● PROVIDED MATERIAL:
=== Begin Enclosure ===

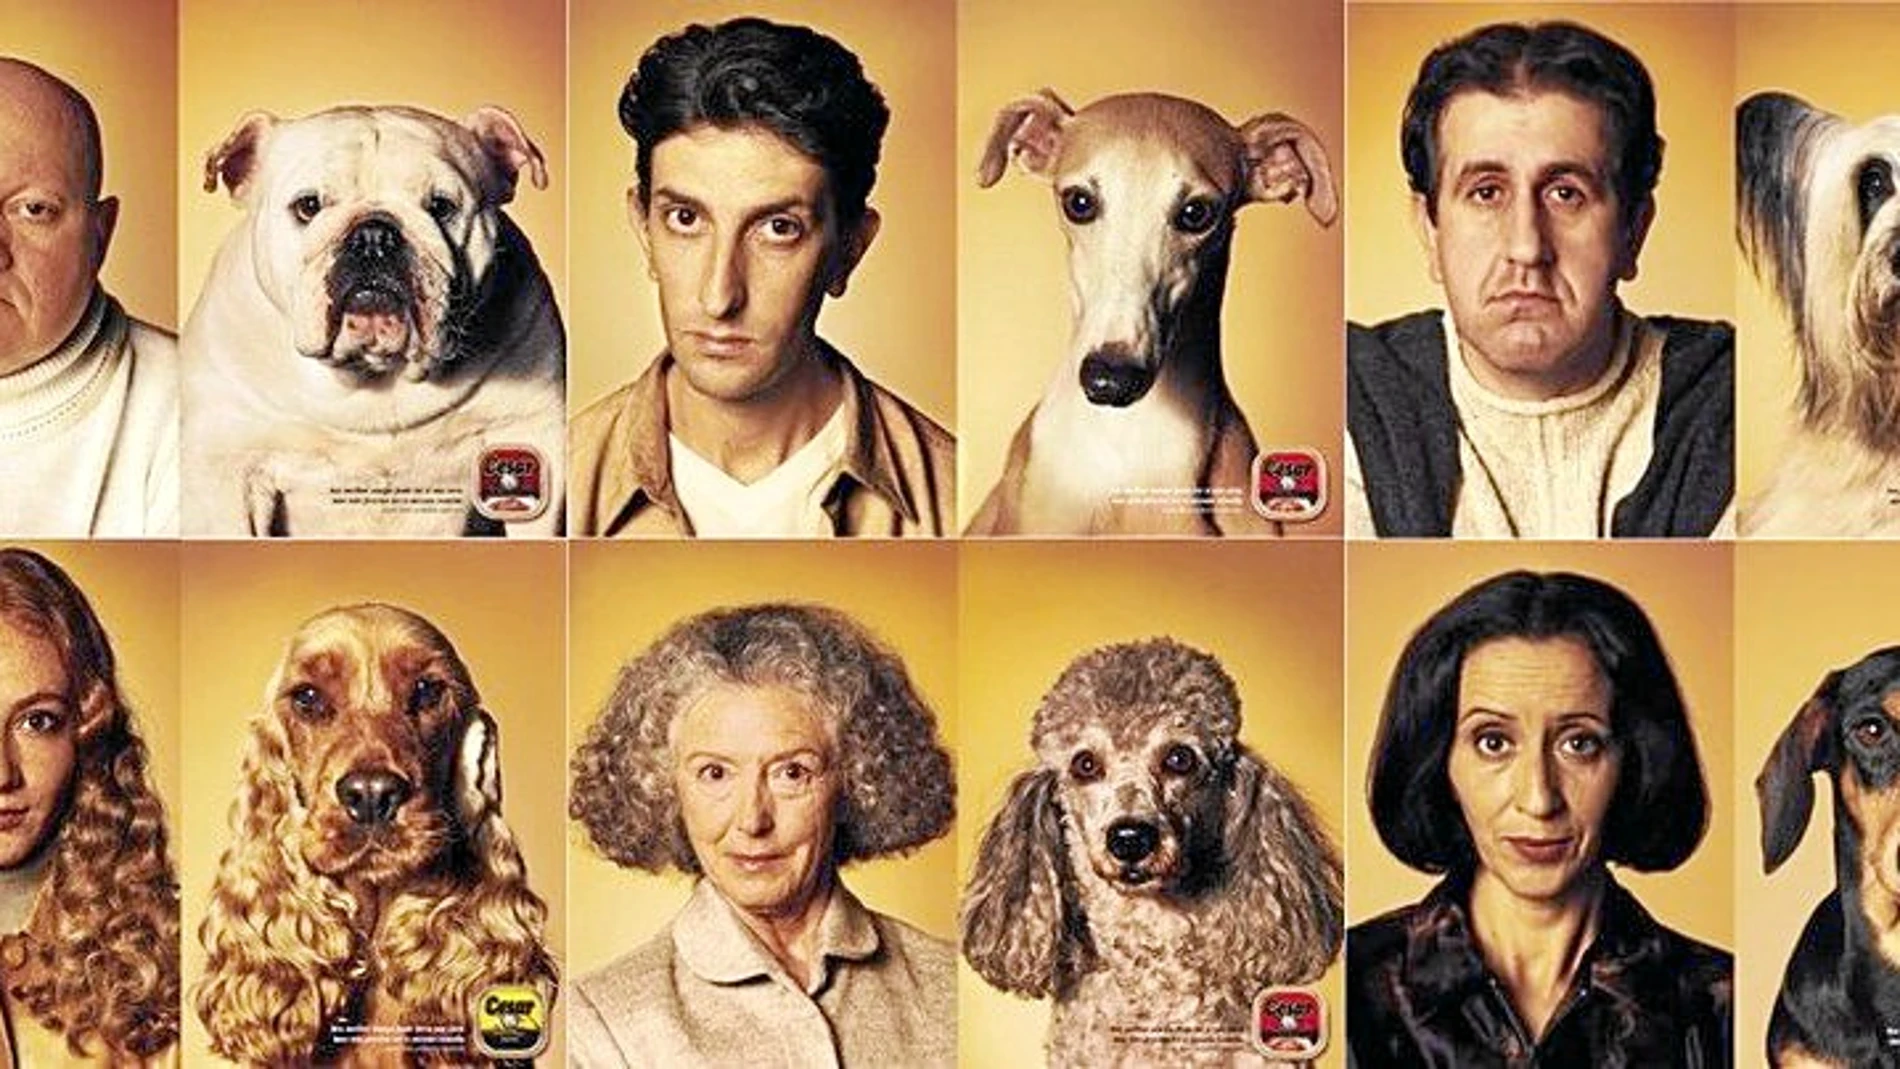 Divertida imagen de una campaña publicitaria en la que se buscó un asombroso parecido entre los perros y los modelos del anuncio
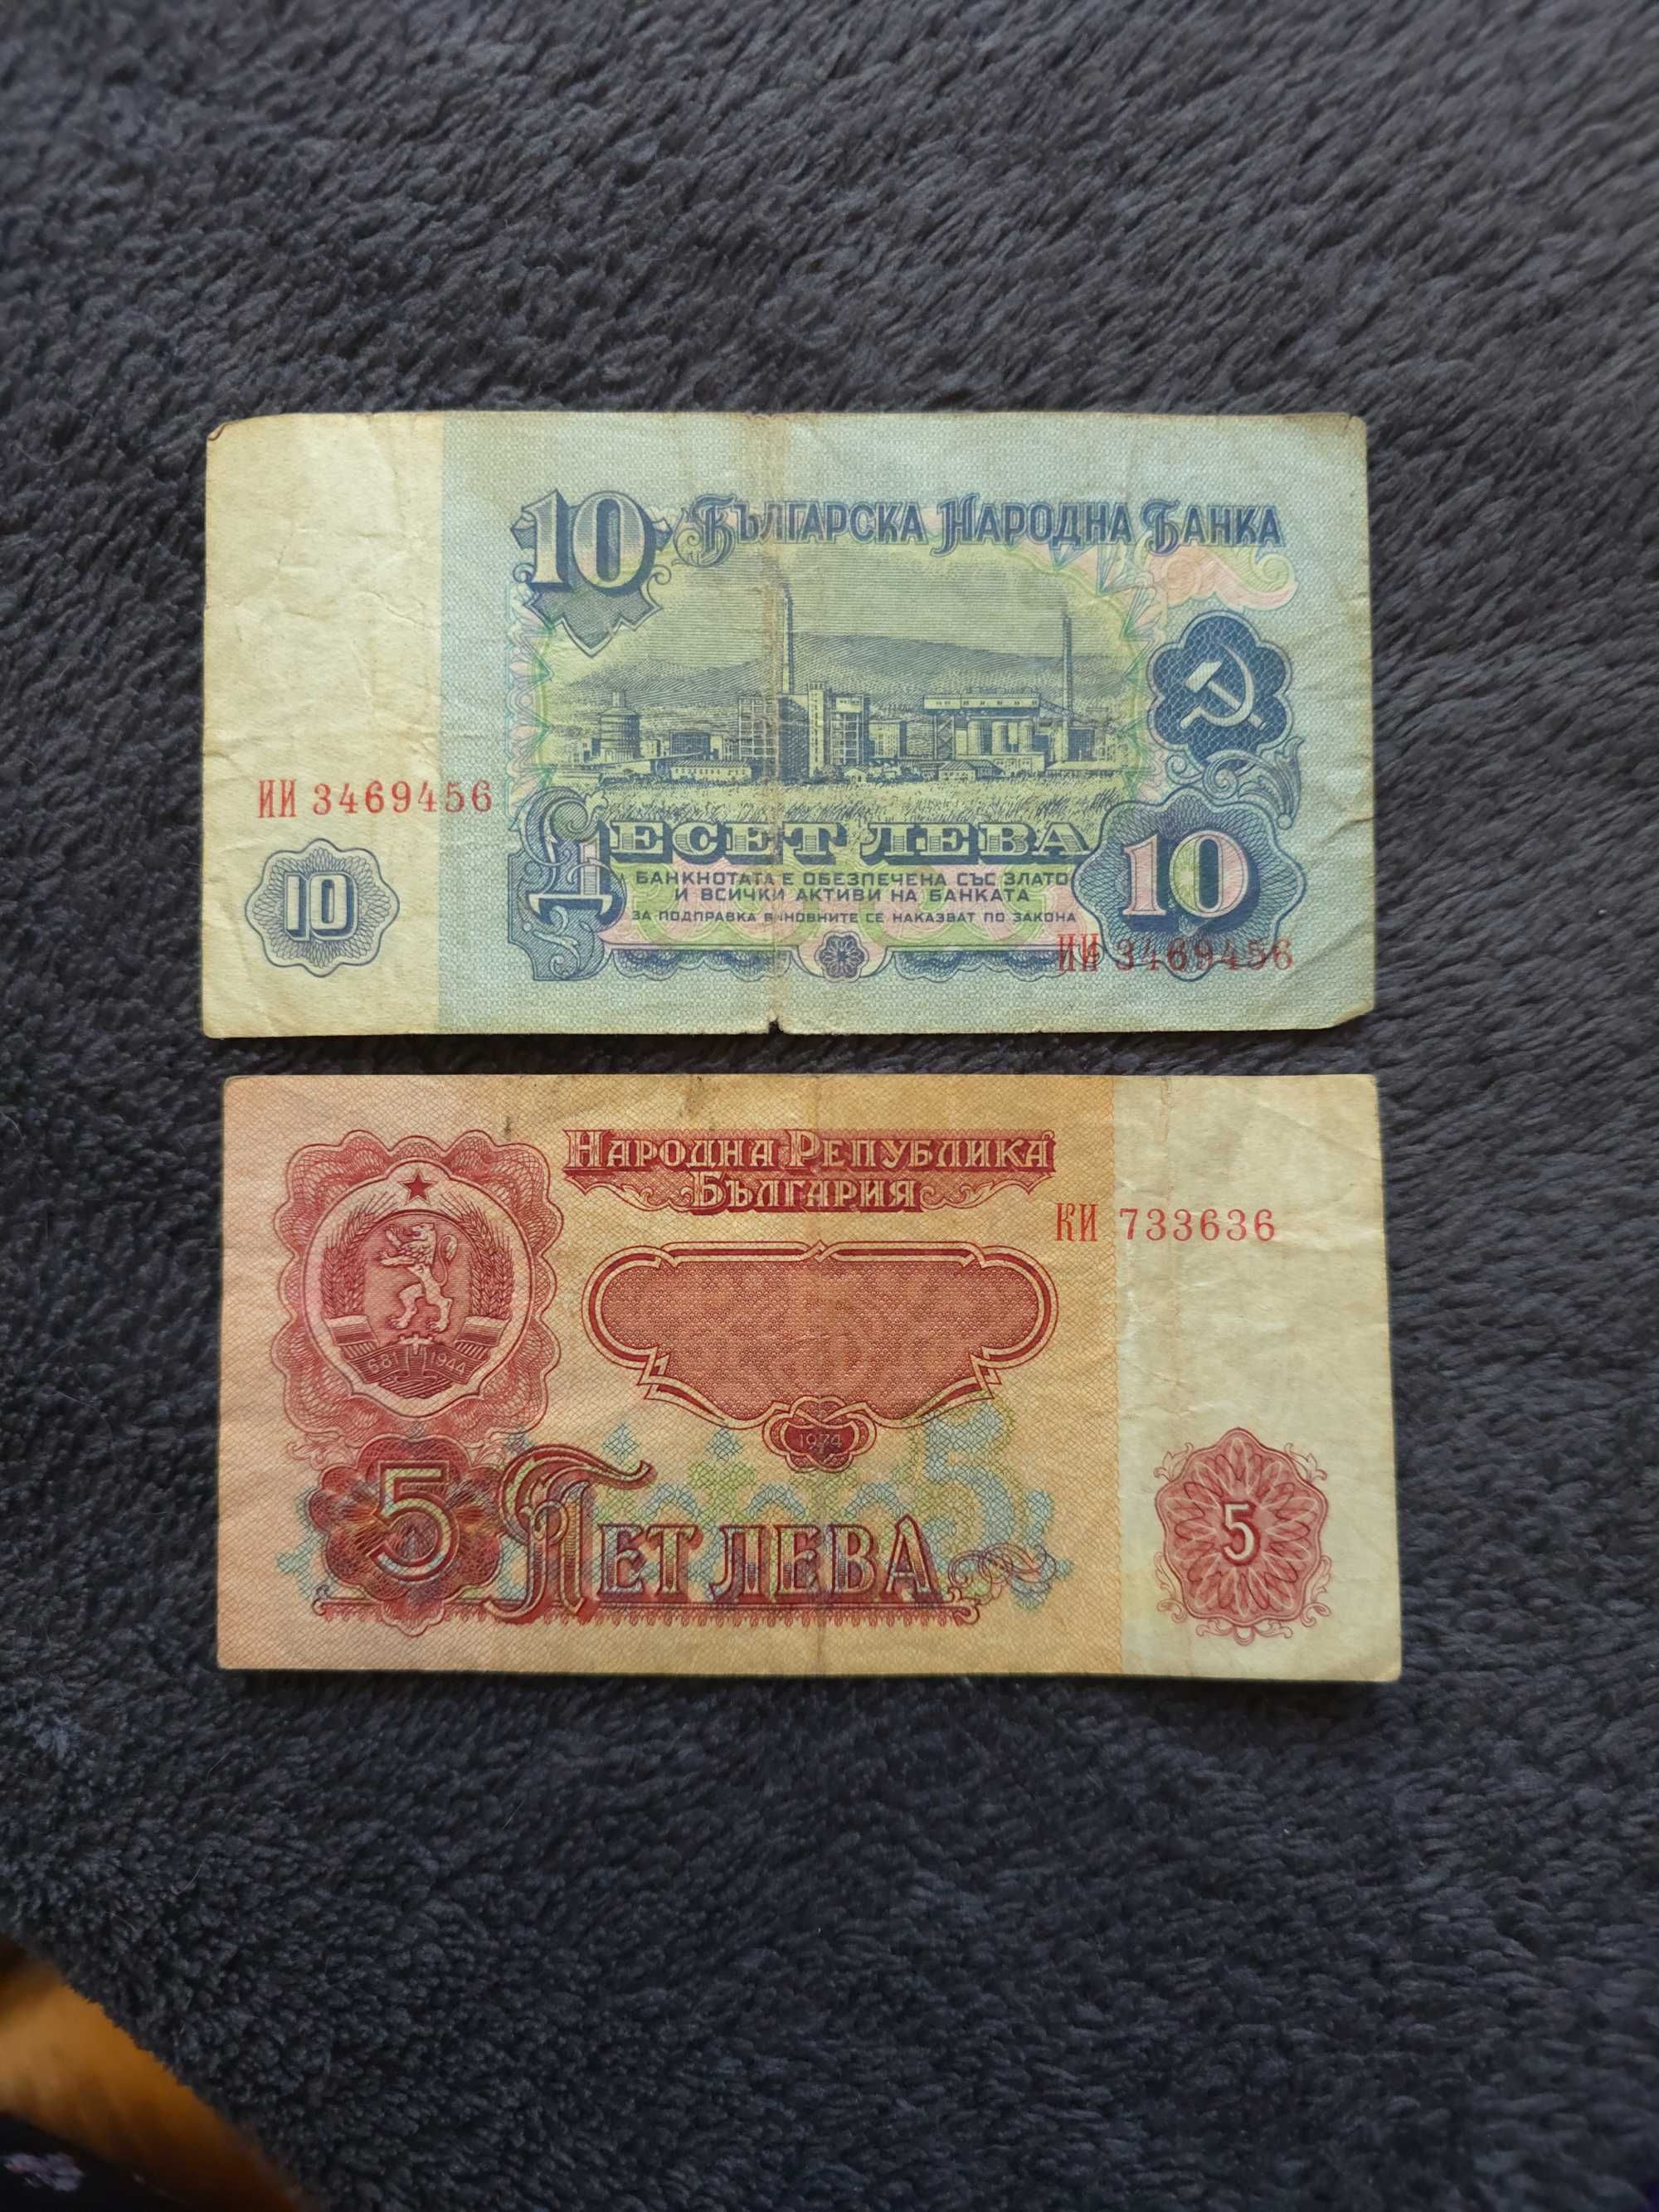 10 лева 1974г. и 5 лева 1944г.
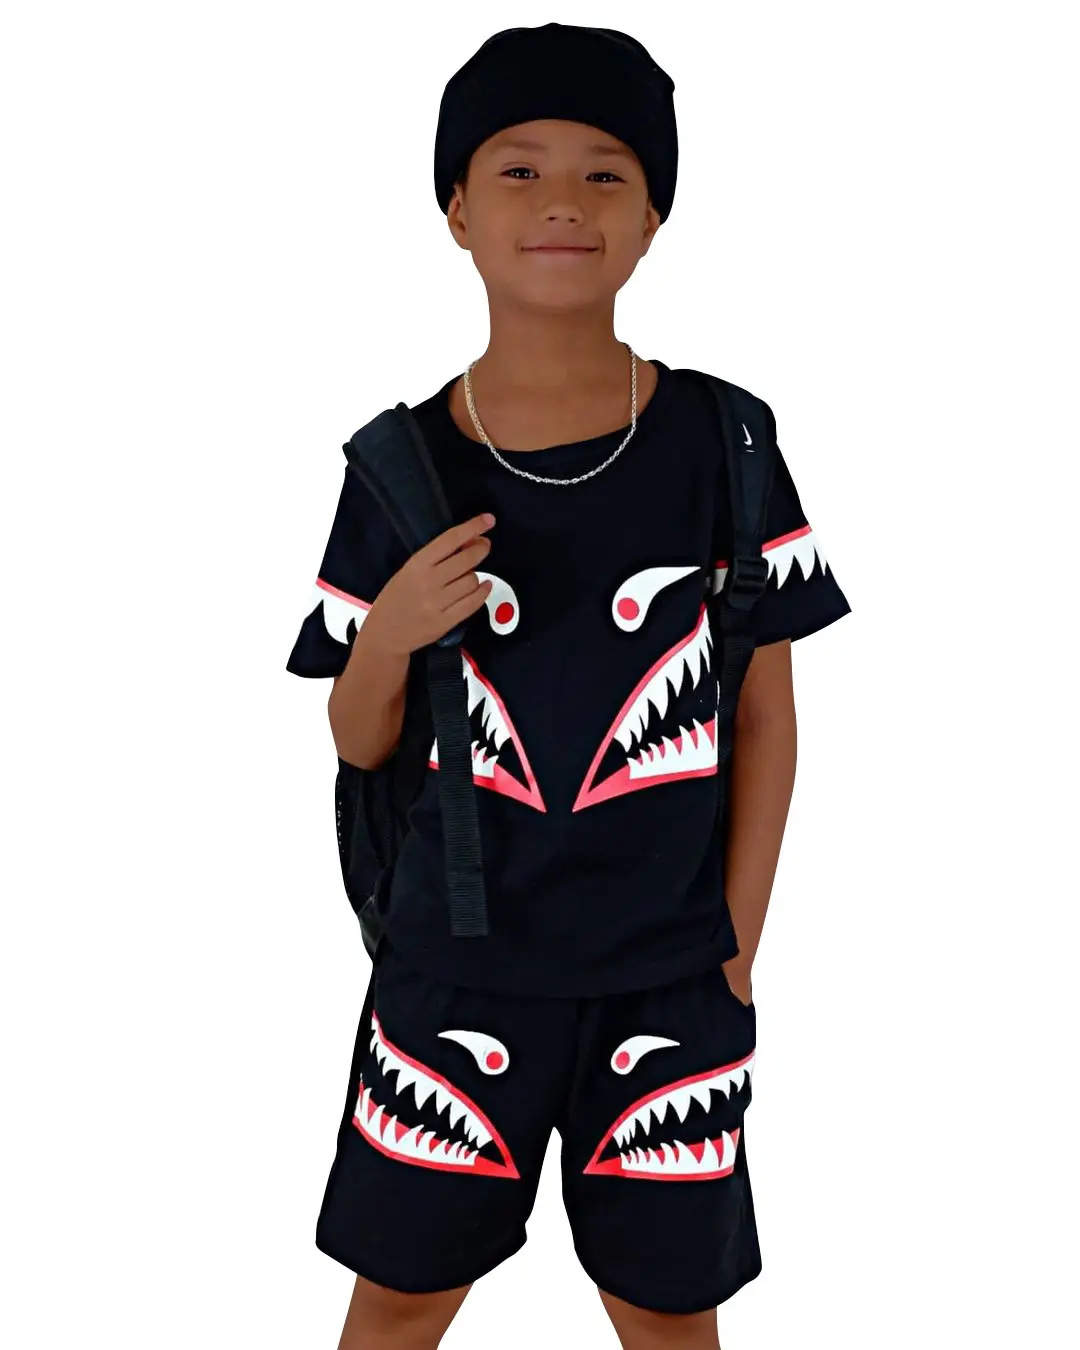 ملابس أطفال أوروبية وأمريكية تيشيرت للأولاد برسوم كارتونية مجموعة ملابس للأطفال مطبوع عليها أحرف Hip Hop مكونة من قطعتين

=== End Enclosure ===

● WHAT IS EXPECTED:
The output has to match the data above line for line, except that pictures are dropped.

● ANSWER SPACE:
 Divertida imagen de una campaña publicitaria en la que se buscó un asombroso parecido entre los perros y los modelos del anuncio
 10 лева 1974г. и 5 лева 1944г.
 ملابس أطفال أوروبية وأمريكية تيشيرت للأولاد برسوم كارتونية مجموعة ملابس للأطفال مطبوع عليها أحرف Hip Hop مكونة من قطعتين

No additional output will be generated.